ACTION ITEM:
Take the material below and reproduce, word for word, only the lines from the line with "زوجة السلطان هيثم" through the line with "GraphicRiver Minimalist Game GUI 11257005".

MATERIAL SUPPLIED:
========================================

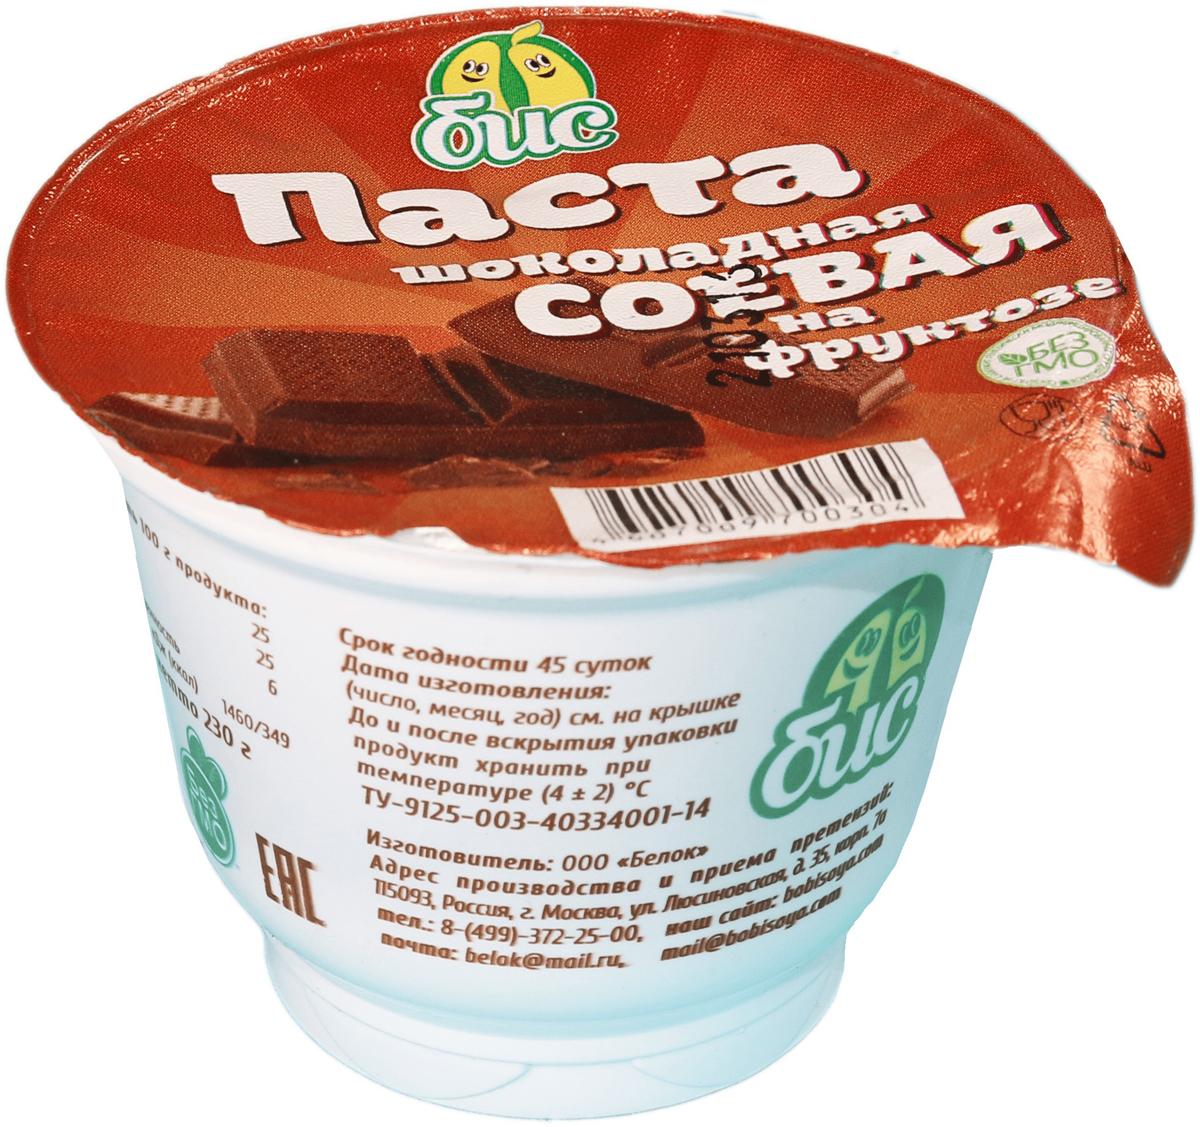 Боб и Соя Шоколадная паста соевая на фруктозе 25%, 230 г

========================================

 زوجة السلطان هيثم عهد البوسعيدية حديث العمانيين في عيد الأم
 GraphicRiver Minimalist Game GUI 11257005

========================================

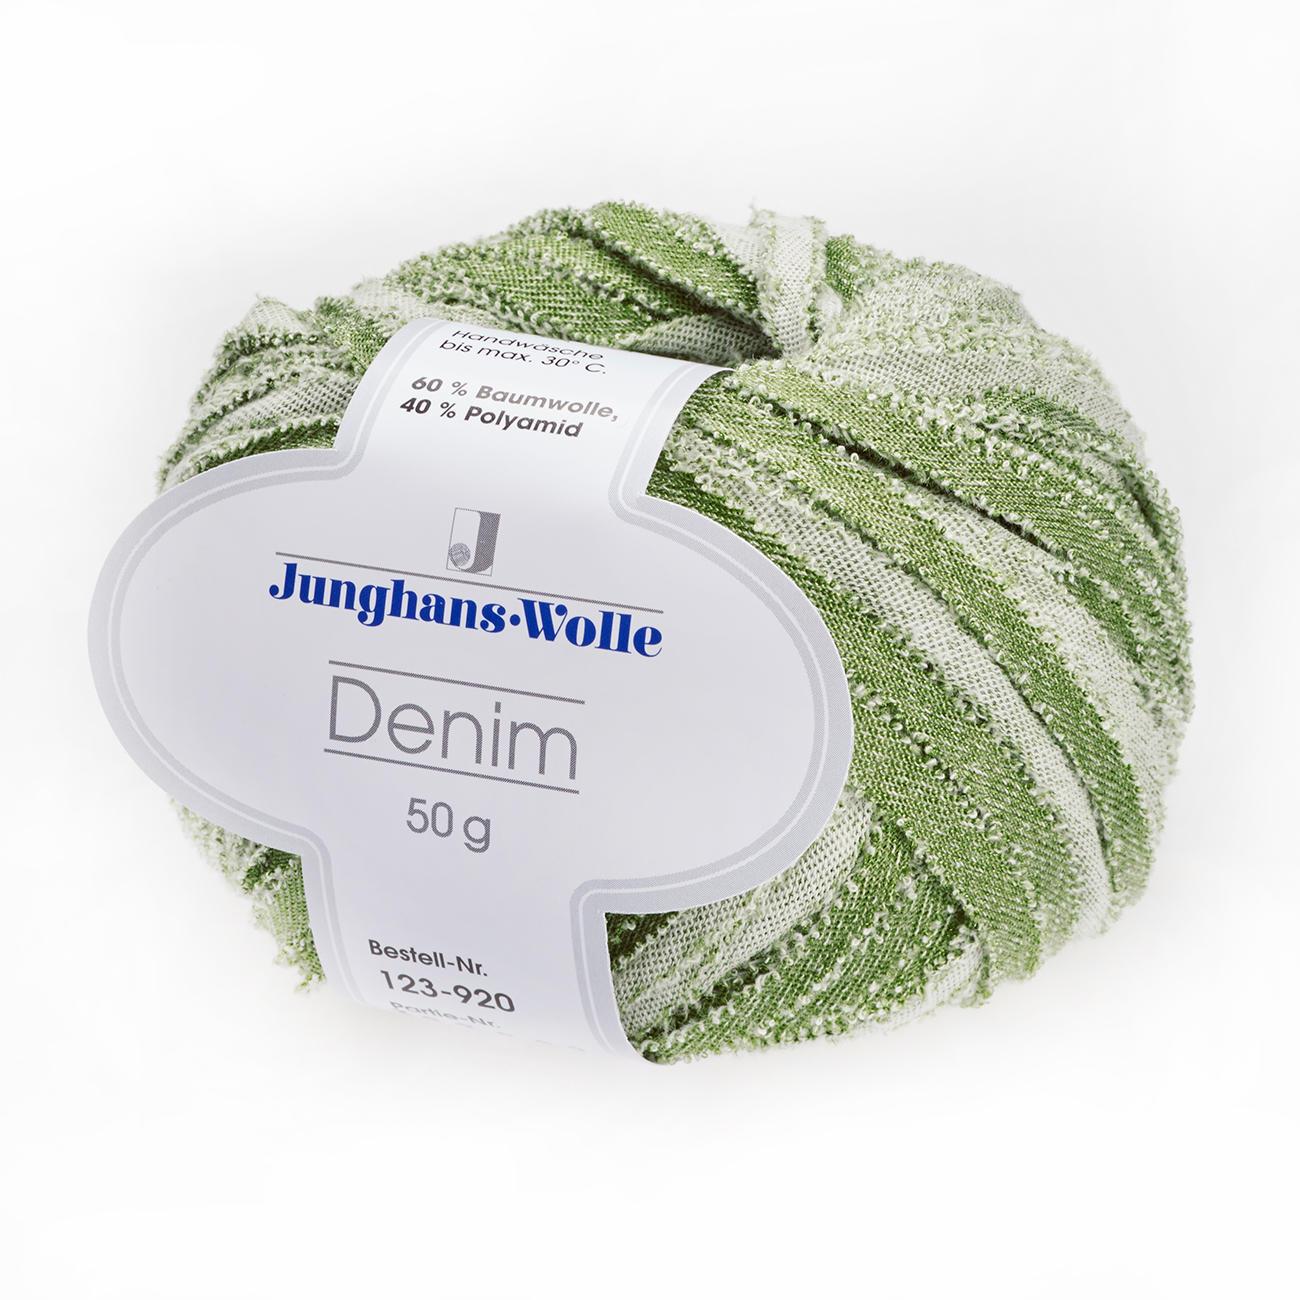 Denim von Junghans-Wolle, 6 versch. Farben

========================================

ANSWER SPACE:
 زوجة السلطان هيثم عهد البوسعيدية حديث العمانيين في عيد الأم
 GraphicRiver Minimalist Game GUI 11257005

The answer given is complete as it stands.